Jon Bentley has scarred a couple of generations of programmers, or he was and continues to be right:

I've assigned this problem in courses at Bell Labs and IBM. […] In several classes and with over a hundred programmers, the results varied little: ninety percent of the programmers found bugs in their programs (and I wasn't always convinced of the correctness of the code in which no bugs were found).
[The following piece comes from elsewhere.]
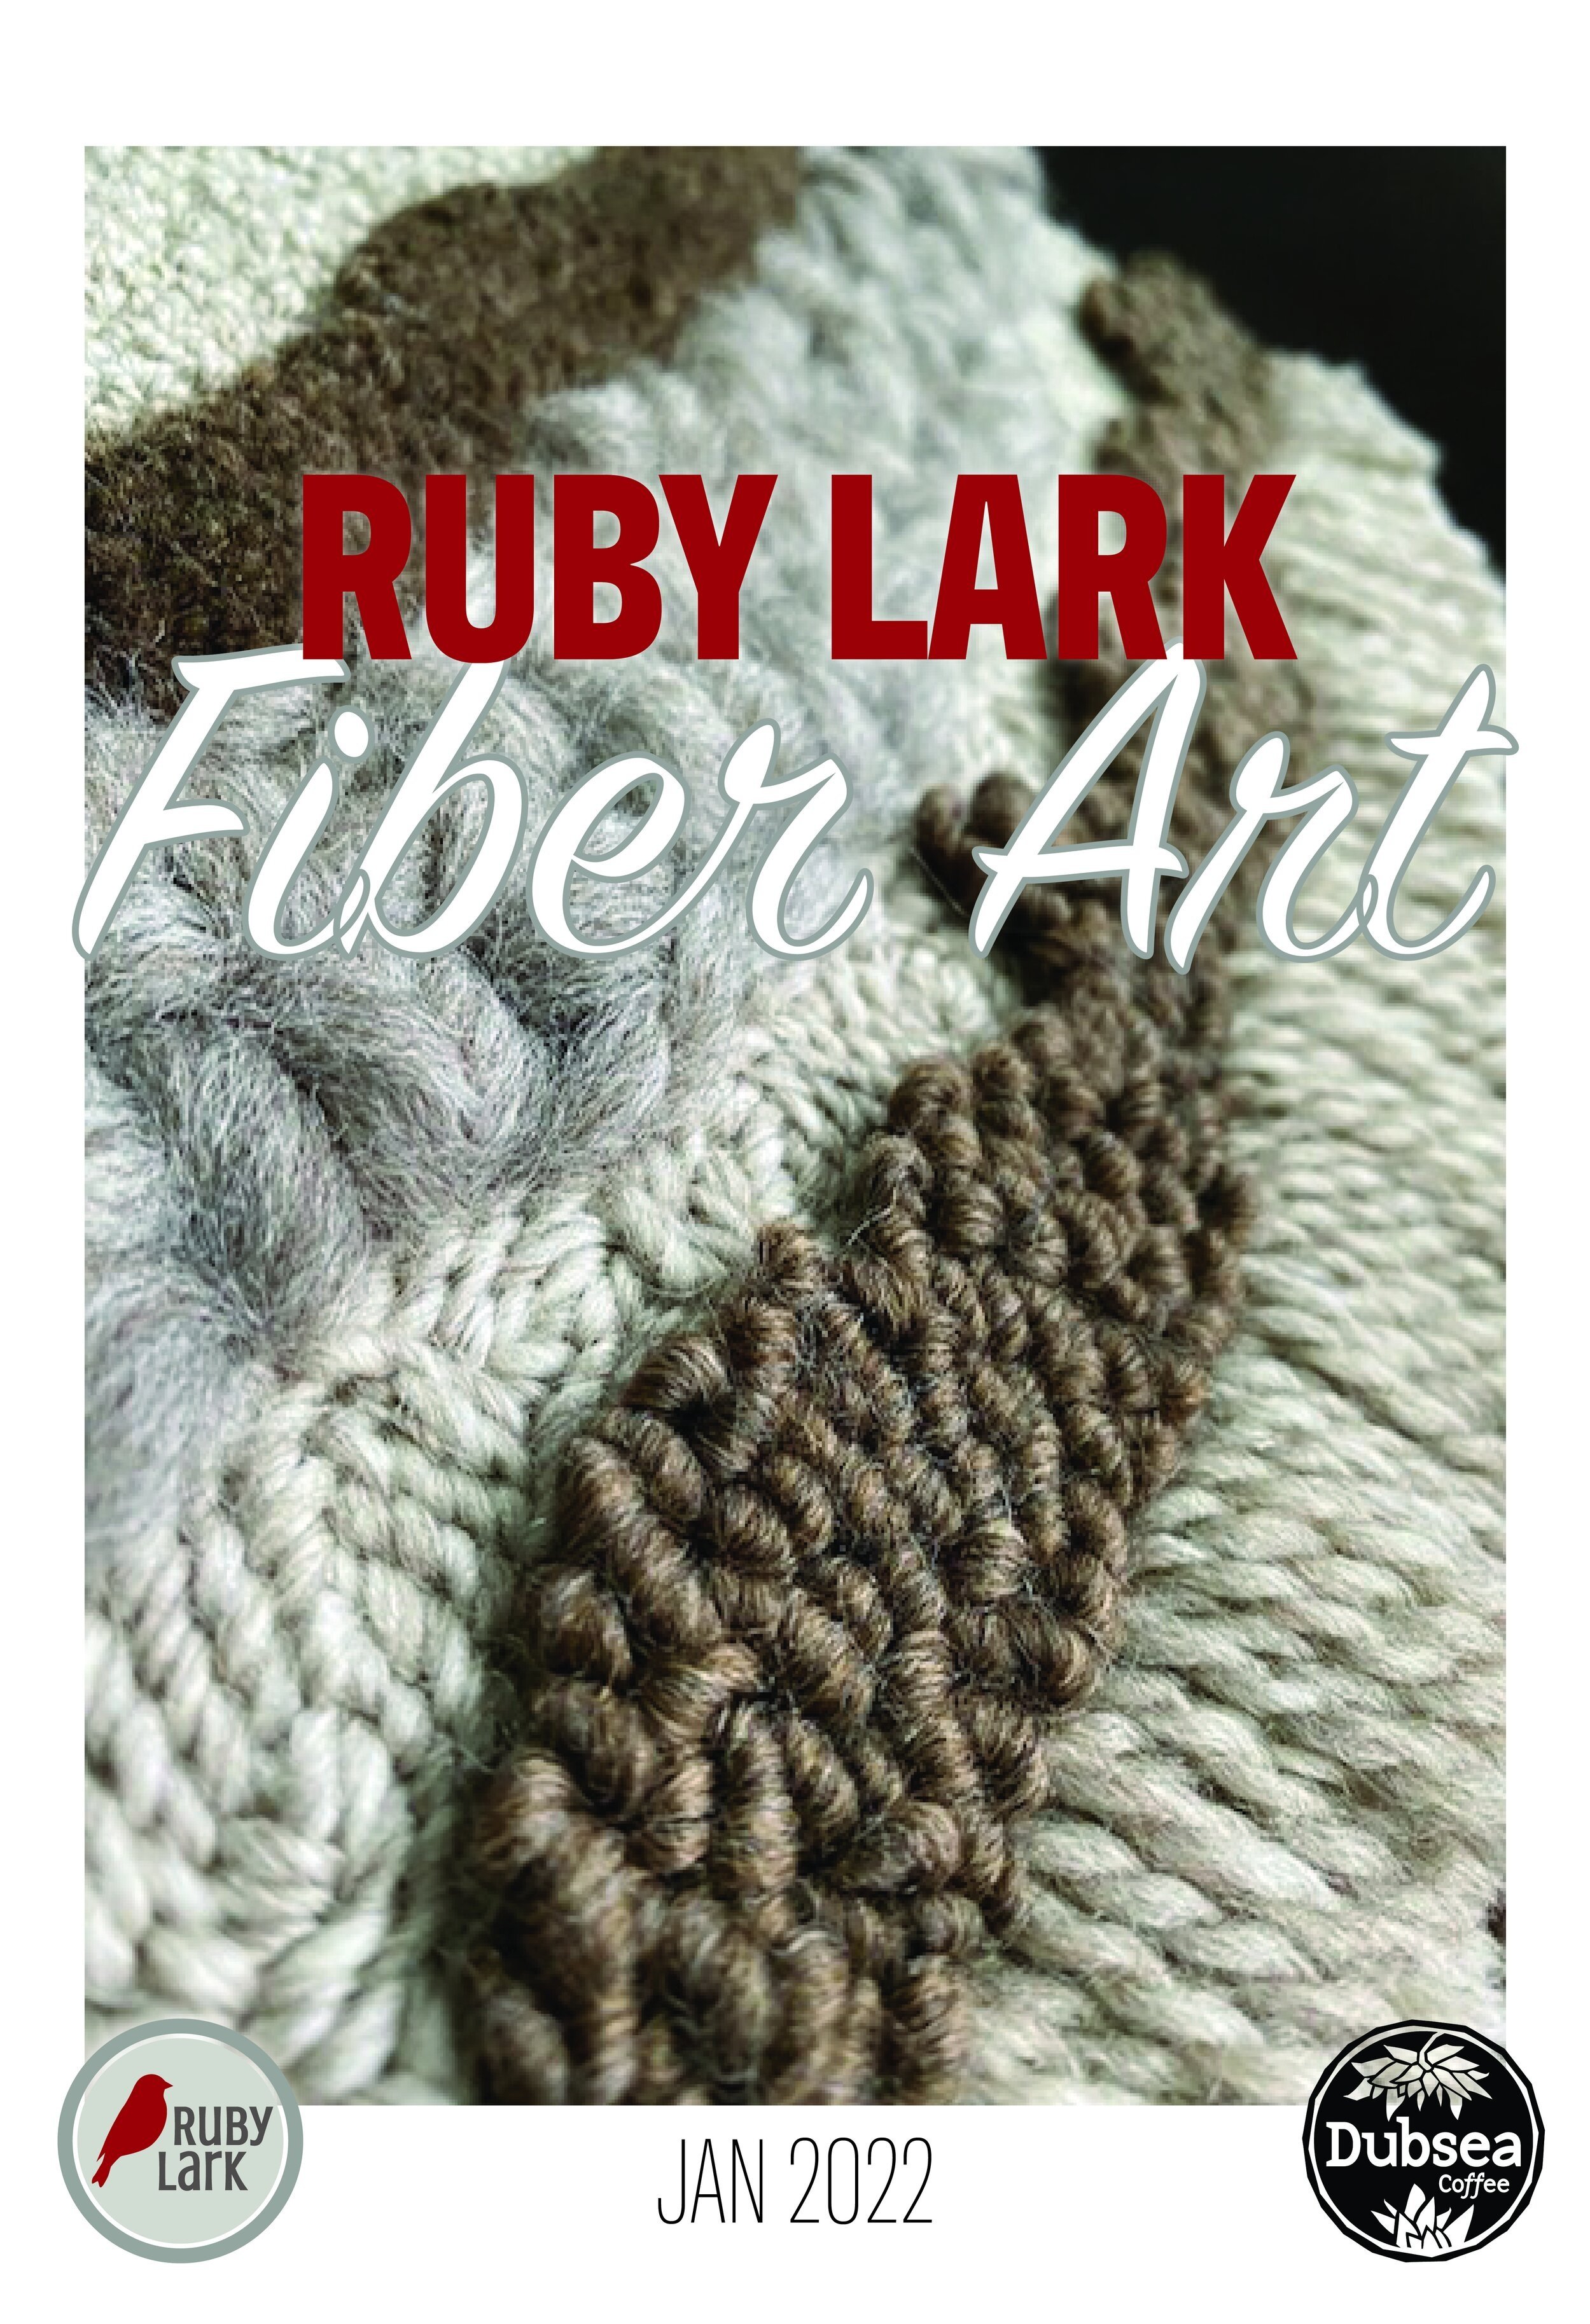 Ruby Lark Fiber Arts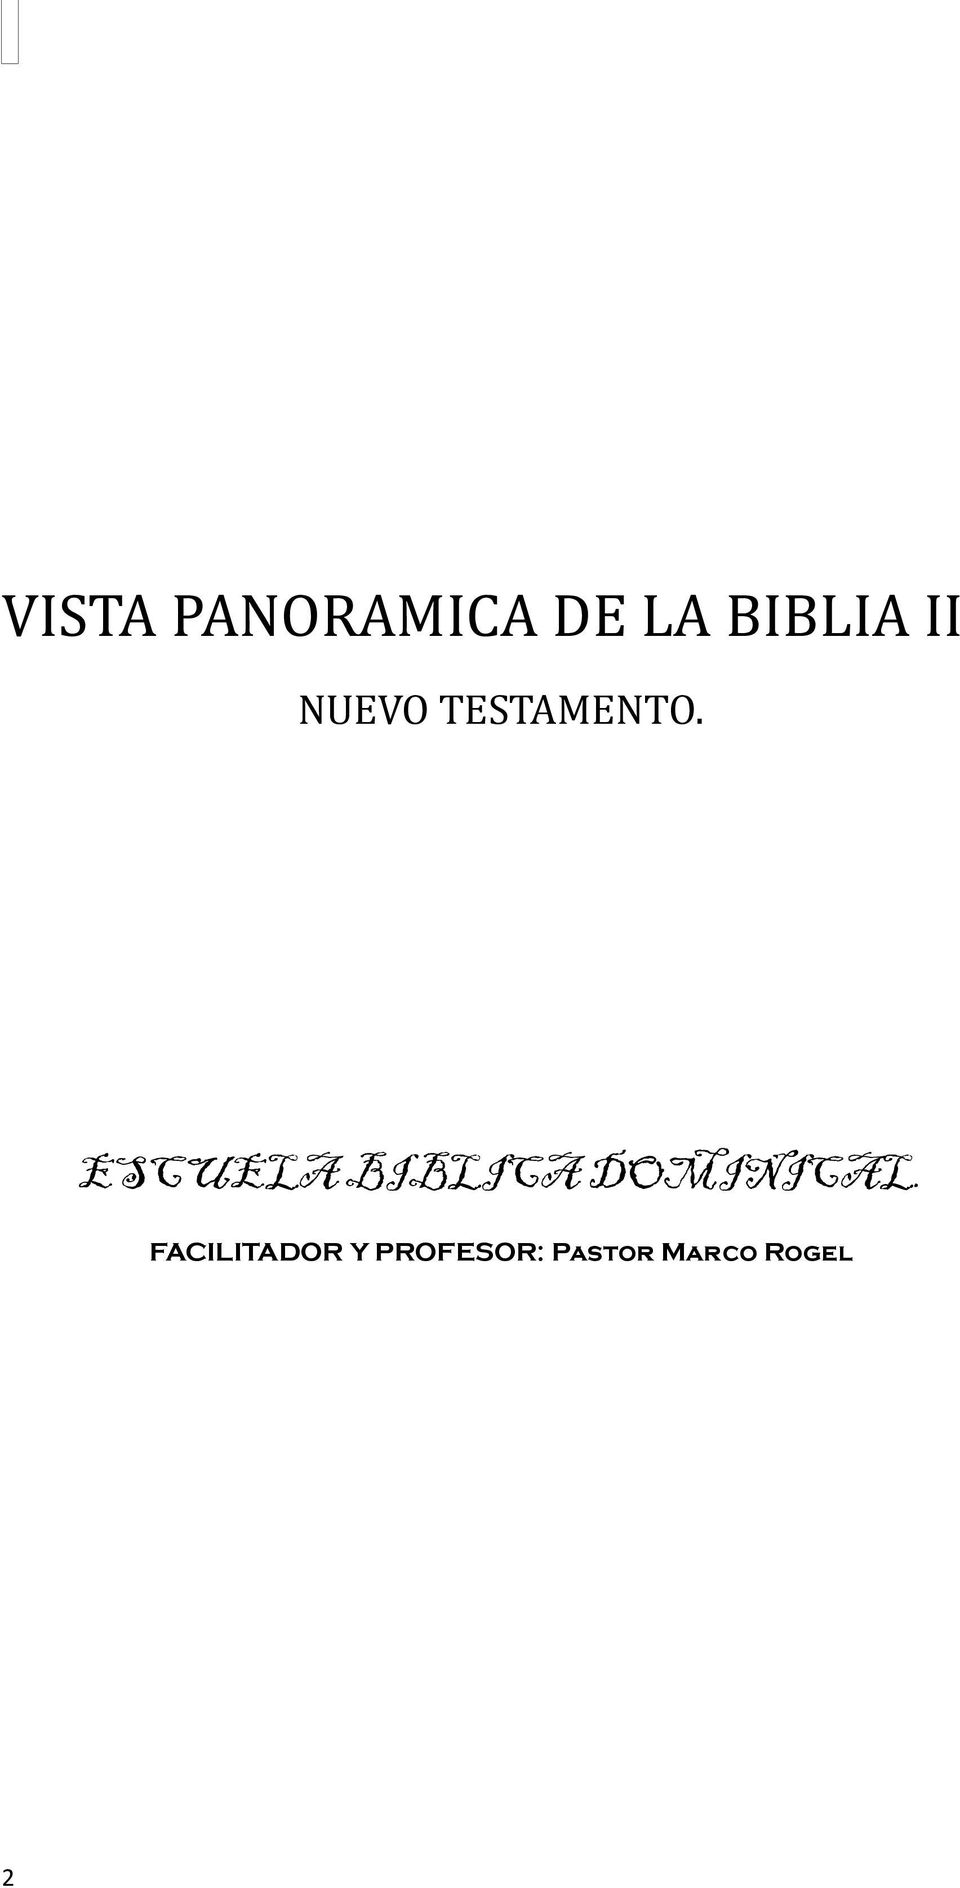 ESCUELA BIBLICA DOMINICAL.

Jon Bentley, Programming Pearls, p. 36

This disjunction is not meant to be exclusive. The question whether programmers know how to write a binary search or not crops again in connection with this quote (but the topic is perennial), and reddit jumps to try its collective hand at the task and fail with numbers echoing Bentley's. The remedy (namely, closely study Dijkstra's A Discipline of Programming, or at least the van Gasteren and Feijen's paper) is as effective as it is bitter. The alternative is to learn the algorithm by heart:

let binsearch v e =
  let n = Array.length v in
  if n = 0 then raise Not_found else
  let i = ref 0
  and j = ref n in
  while !i <> !j - 1 do
    let m = (!i + !j) / 2 in
    if v.(m) <= e
      then i := m
      else j := m
  done;
  if v.(!i) = e then !i else raise Not_found

(note: the midpoint calculation cannot overflow in OCaml). No ifs, no buts, not a single thing changed: the algorithm as presented above is proved correct. Alas, we live in an age of practical assurances, and like Thomas we trust more a green-lighted battery of tests than a formal derivation (who understands those anyway?). There is a nice, 4096-case test set available on-line; a parser and a test harness are simple enough to build for it. Each case consists of a label, a test value, a list of values and an expected outcome:

type test = Test of string * int * int array * bool

The file format is line-oriented; this makes easy to use a regexp-based parser. To ease the use of regular expressions, I build a test function out of a pattern:

let matching patt =
  let re = Str.regexp patt in
  fun str -> Str.string_match re str 0

(I close over the compiled regexp for efficiency). The required regexps are:

let is_label  = matching "^Problem [0-9]+$"
let is_start  = matching "^in \\[$"
let is_value  = matching "^-?[0-9]+$"
let is_endyes = matching "^\\]\\? yes$"
let is_endno  = matching "^\\]\\? no$"
let is_sep    = matching "^$"

Syntax errors in the test cases file are signalled by an exception:

exception SyntaxError of int * string

I keep track of the lines read for purposes of error reporting:

let lineno = ref 0

let syntax_error str = raise (SyntaxError (!lineno, str))

let read inch =
  try let l = input_line inch in incr lineno; Some l
  with End_of_file -> None

The parser reads a file and returns a list of test cases; it uses mutually-recursive functions as a traditional recursive-descent parser with synthetic attributes. Each function corresponds to a terminal in the production case ::= label value start value* end sep:

let rec parse_tests inch = List.rev (parse_case inch [])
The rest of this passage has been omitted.